Minifying CSS

Over the years I’ve come up with a number of principles that allow me to produce clean, readable, yet extensible code. I want to share them, but I also want you to see that they work and to understand how they are applied. In the end I want to see them used “in the wild”, and the average code quality to go up if ever so slightly.

So what I will be doing is writing a bunch of code examples, designs and comparisons and later reuse them to demonstrate that certain choices and basic programming principles lead to better code.

Let’s start with writing a way to to compact CSS code. There are a number of existing libraries for this, but we will write one from scratch nevertheless.

All we need is a function to take a string (CSS) and return a string (minified CSS). The most basic minification would be to collapse all whitespace and newlines, so let’s start with that:

import re
def cssmin(css):
    return re.sub("(?m)\s+", ' ', css)

The (?m) thingy sets the re.MULTILINE flag for the expression, so that '\s' matches the newlines:

>>> cssmin('{} \n\n ')
'{} '

Now let’s remove comments as well:

def cssmin(css):
    css = re.sub('(?ms)\/\*.*?\*\/', '', css)
    css = re.sub('(?m)\s+', ' ', css)
    return css

The (?ms) sets the re.MULTILINE and re.DOTALL flags, so that our regexp for comment internals consumes multiline comments:

>>> cssmin('#header \n\n /*comment\n*/ {}')
'#header {}'

We’ve already made most of the progress we can get and additional compaction will not yield significant savings in CSS code size, but let’s add a few more rules.

We can remove whitespace in the beginning and the end of the file and around separators. Remember that we’ve compacted the whitespace and there are at most one character paddings at this point.

def cssmin(css):
    css = re.sub('(?ms)\/\*.*?\*\/', '', css)
    css = re.sub('(?m)\s+', ' ', css)
    css = re.sub(' ?([{};:,+>]) ?', '\\1', css)
    return css.strip()

Note the use of backreference \1 in the replacement string, this way we can remove the padding around all of the delimiters in one sweep.

>>> cssmin(' #content p, body { color: black ; }\n')
'#content p,body{color:black;}'

One thing we need to work around is that by stripping the spaces around the colons we will turn div :hover into div:hover. To avoid that, we’ll remove the colon from the regexp and use the str.replace method. We will do the same to remove that unnecessary semicolon before the closing bracket and we’re almost done.

While we are at it, let’s precompile those rules as well.

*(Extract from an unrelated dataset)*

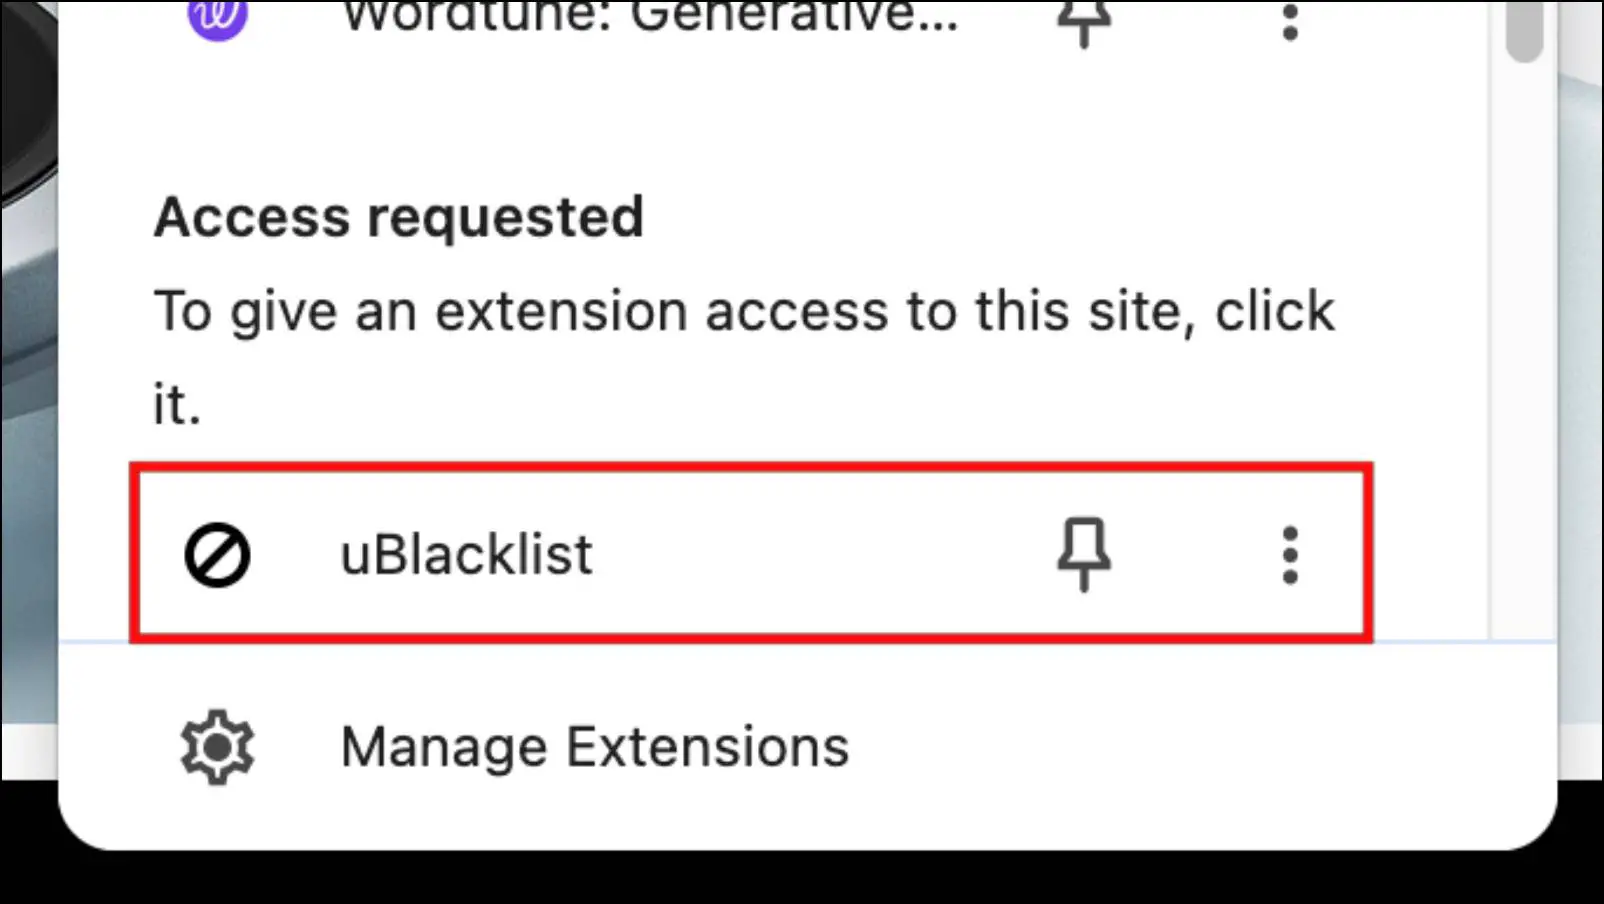 Choosing the uBlacklist Extension

Here’s the entire implementation:

import re

__all__ = ['cssmin']

_rx_comment = re.compile('(?ms)\/\*.*?\*\/')
_rx_whitespace = re.compile('(?m)\s+')
_rx_padding = re.compile(' ?([{};,+>]) ?')

def cssmin(css):
    css = _rx_comment.sub('', css)
    css = _rx_whitespace.sub(' ', css)
    css = _rx_padding.sub('\\1', css)
    return css.replace(': ', ':').replace(';}', '}').strip()

I wanted to add comments to those rules, but check this out: when we decided to precompile them, we’ve also had to assign the names to them, and those work just as well for documentation purposes, if you ask me.

Now, tell me if this was a waste of time, and we should have just used an existing minifier? Of course there are a couple more things we can collapse, we can even go for a parse-optimize-output approach. But seriously, from a practical standpoint, that’s a waste of time. (Could be useful for self-educational purposes though).

To be fair, this minifier can stumble on some CSS rules for example input[value="a, b"] will turn into input[value="a,b"], but honestly, I don’t really care.

Here are some other implementations for comparison:

Some points to consider:

  • The difference between having a small tidy implementation and a bigger one could be the difference between using 95%-efficient solution and using none at all. The additional complexity of 100% efficiency is sometimes not worth not just the additional 5% but simply not worth it, and it’s better to do without.
  • Small implementatations like the one described here are almost not worth getting a PyPi listing for, the setup.py itself is usually longer than that. There’s also no need for docs (although there should still be some tests). What this causes in general is that all you can find are heavyweight solutions for everything.